The Very Hungry Caterpillar Group Project

To celebrate the 50th anniversary of The Very Hungry Caterpillar we made a classroom display of the story. I made the sun and the moon and “In the light of the moon a little egg lay on a leaf…”. The rest of the items for the story we made together with the class.

The Caterpillar

You need: 

  • Paper plates
  • Green and red paint
  • White paper to write the weekdays on
  • Black and white copies of all the foods in the story
  • Eyes and antennas from purple, yellow and green paper

We painted seven of the paper plates green and one red. I asked my preschool 2 students (all of them 4 yrs old or almost 4 at this time) to write the names of the weekdays to white paper from an example. For some of the kids I traced the name of the weekday with pencil and asked them to trace it with a marker. The weekdays were then glued on the paper plates. 

There was enough food items to ask the whole class to colour at least one. When the paper plates were dry we all sat together and started glueing the foods on to the plates according to the story.
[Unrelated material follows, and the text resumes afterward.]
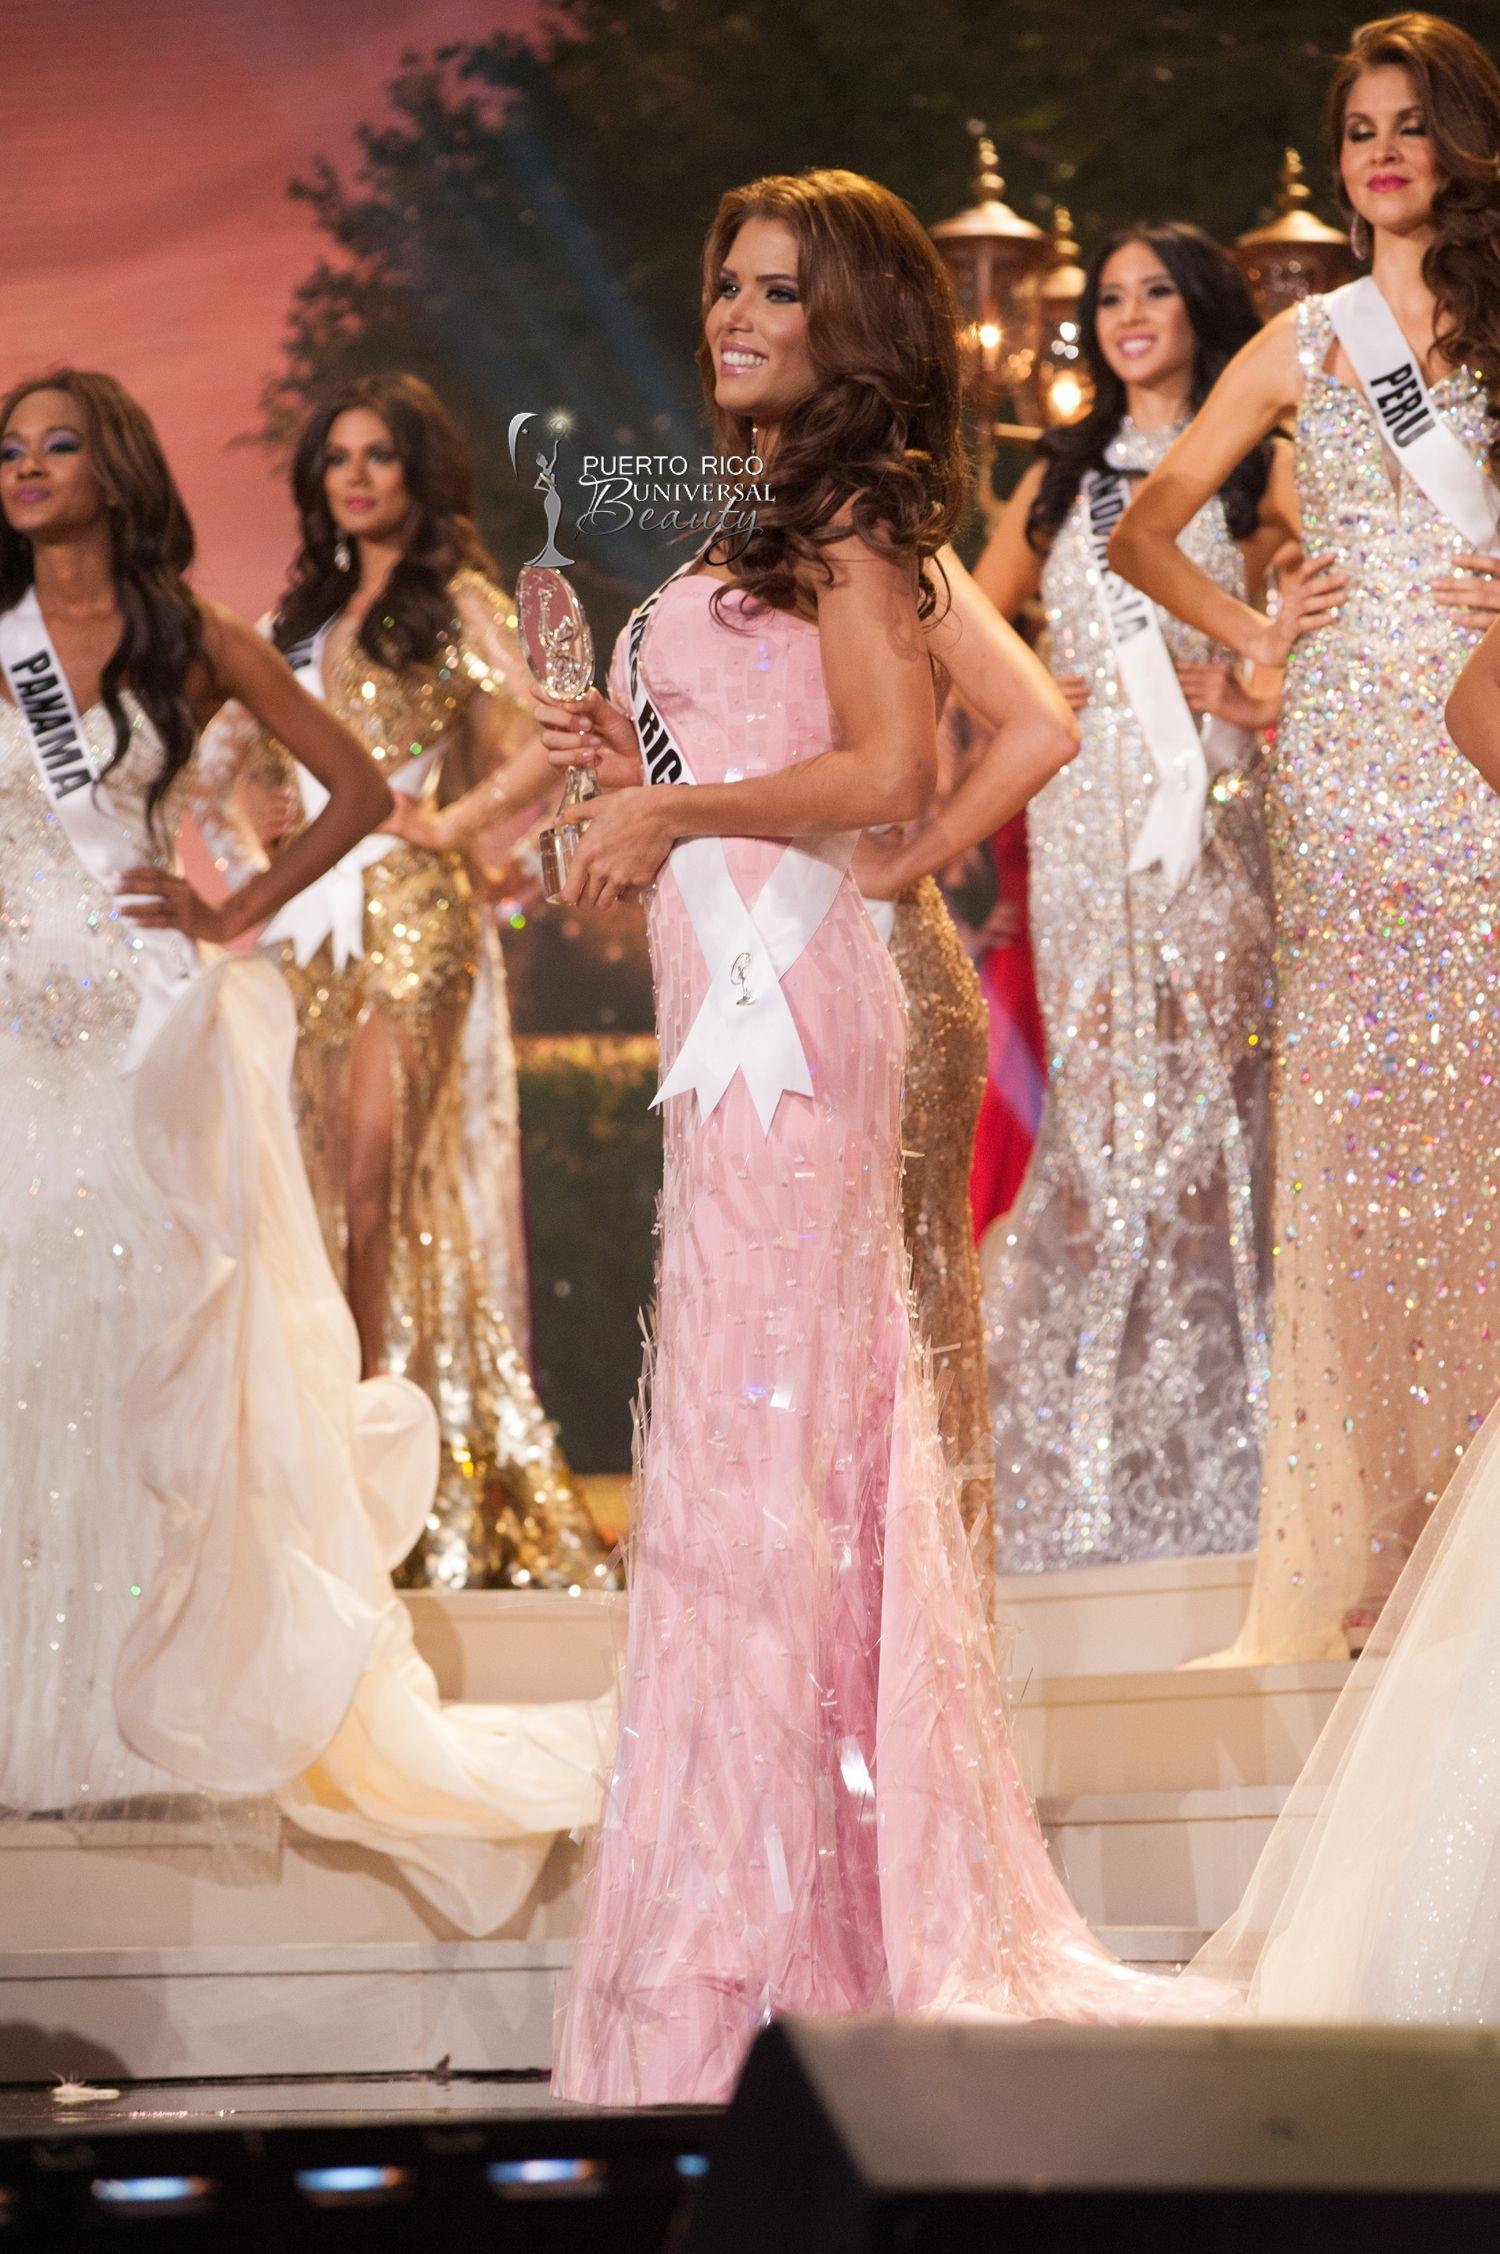 MISS UNIVERSE 2014 - MISS PHOTOGENIC, MISS PUERTO RICO | Gabriela ...
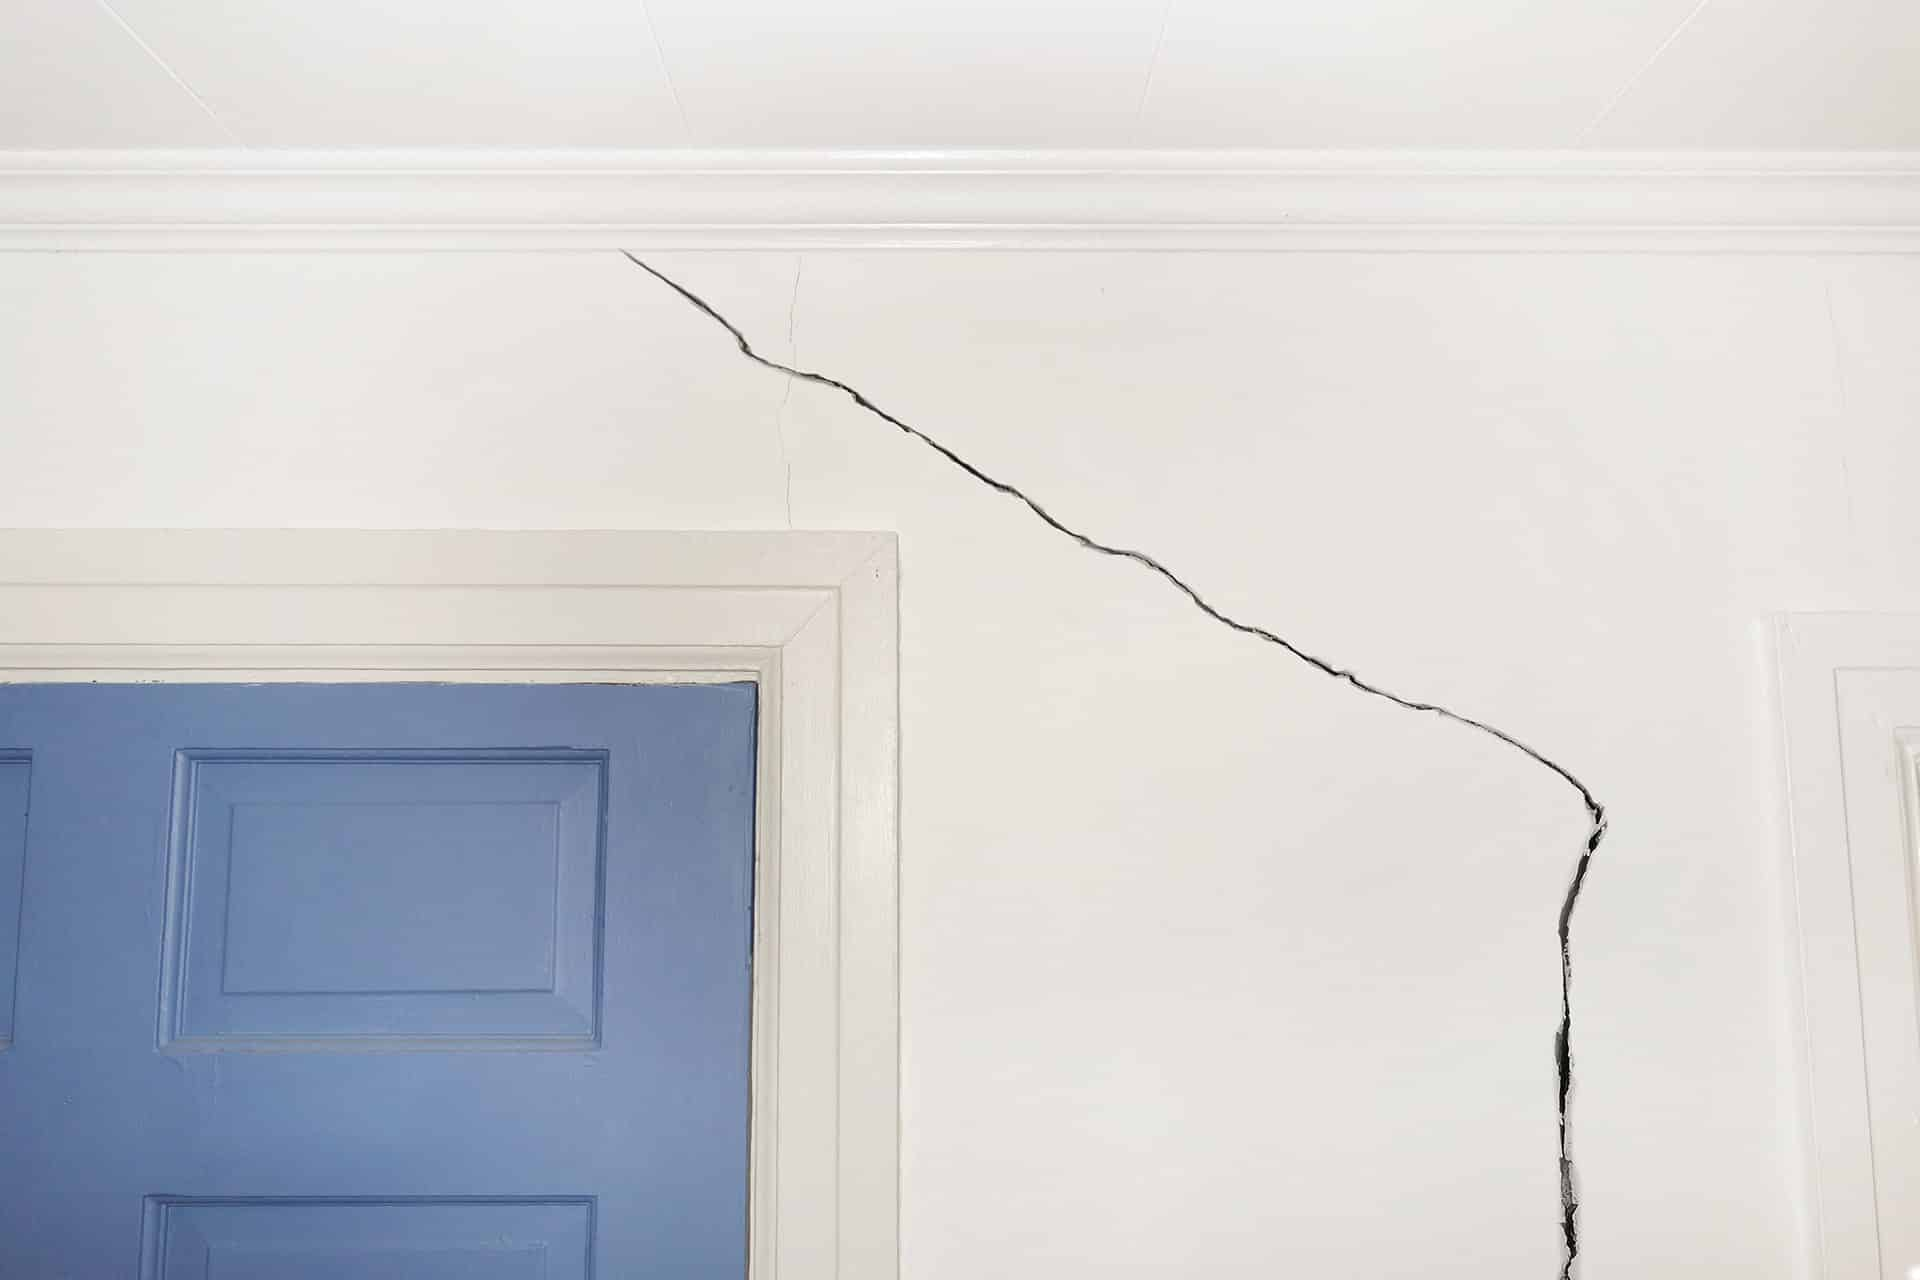 Interior Dry Wall Crack

I was amazed how well the children remembered all the foods the caterpillar ate each day and how many of them. Great sequencing! 

The Butterfly

You need:

  • Rounded strips from an A3 sized paper in three different lengths
  • Markers
  • Honeycomb paper for the body and head
  • Pipe cleaner for legs and antennas

I cut the strips of paper free hand from A3 paper. The round top is about 8-10cm and the bottom part that attaches to the butterfly is about 5-7cm. The longest was the whole long length of the A3 and the other two sizes about 10-12cm shorter. 

I gave each child in the class a strip and asked them to colour it with their favourite colours and as colourful as they possibly can. We did have the butterfly from the story out for an example at all times. This was actually a good in between activity whilst the kids were finishing lunch, going to the bathroom and then to play. I would invite them over to a table to make one of the strips before they went to play or in between playing, so it was a very free flow activity the kids greatly enjoyed. 

I prepared the body and glued on the strips for the wings trying to achieve the same shape as in the illustration in the book. I cut a piece of card in the same shape as the body and it was easy to glue on the strips in a fan shape and the honeycomb body onto it.  

Hint: if you pull a round pencil along the end of the strip it curls a bit 😉

Then we hung to whole thing in our classroom!